Hardware resource disaggregation is a solution that decomposes general-purpose monolithic servers into segregated, network-attached resource pools, each of which can be built, managed, and scaled independently. Despite its management, cost, and fault-tolerance benefits, hardware resource disaggregation is a drastic departure from the traditional computing paradigm and it calls for a top-down redesign on system software, hardware, and data center networks.
This dissertation shows that it is possible to overcome the challenges of building and deploying hardware resource disaggregation solutions in real data centers, delivering its promises on better manageability, scalability, and cost.
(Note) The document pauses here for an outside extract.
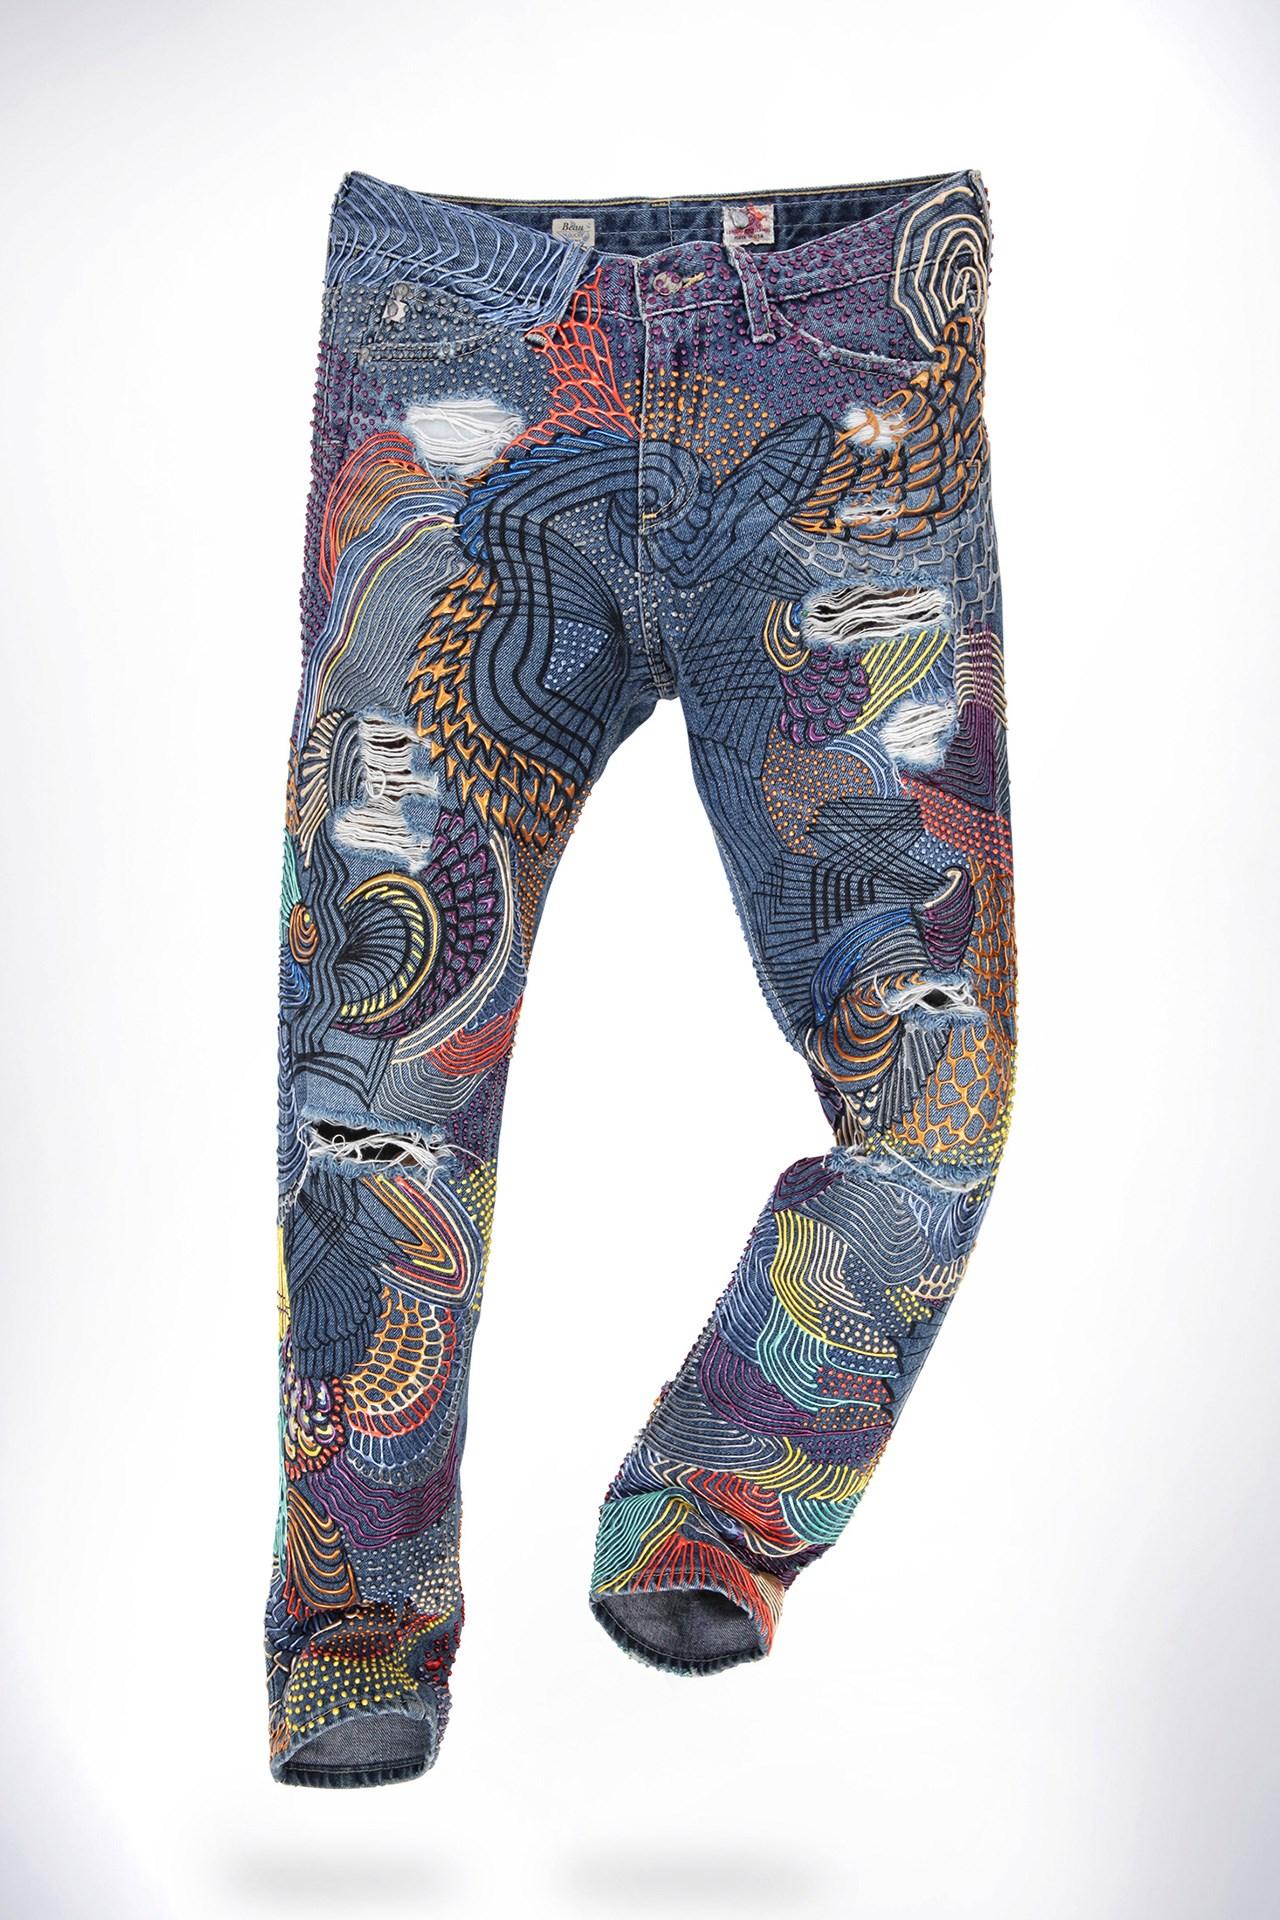 Emma Watson's customized jeans by Johny Dar.

We first explored logical resource disaggregation for emerging persistent memory technologies. Logical resource disaggregation logically breaks the server boundary by building an indirection layer on top of monolithic servers to collectively expose a logical resource pool abstraction. However, we fail to overcome the inherent problems of monolithic servers. We then explored hardware resource disaggregation to overcome these limitations by physically separating hardware resources into network-attached pools. We emulated disaggregated devices using monolithic servers and built the first operating system designed for managing disaggregated resources. It provides backward compatible interfaces while delivering good performance. However, emulation incurs non-trivial overhead and has limited parallelism in serving highly-concurrent requests. To avoid such overhead, we then built the first publicly known hardware-based disaggregated memory device, which co-designs networking transport, virtual memory, and hardware. We soon realized that while an increasing amount of effort goes into disaggregating compute, memory, and storage, the network has been completely left out. The final piece of this dissertation proposes the concept of network disaggregation, which decouples network functionalities from endpoints and then consolidates them into a centralized network resource pool. We built a new hardware-based networking device along with a distributed runtime system to realize such a network resource pool. Together, these four pieces outline a practical path to enable hardware resource disaggregation solutions in real data centers, especially how one can navigate the complex trade-offs among performance, cost, and manageability.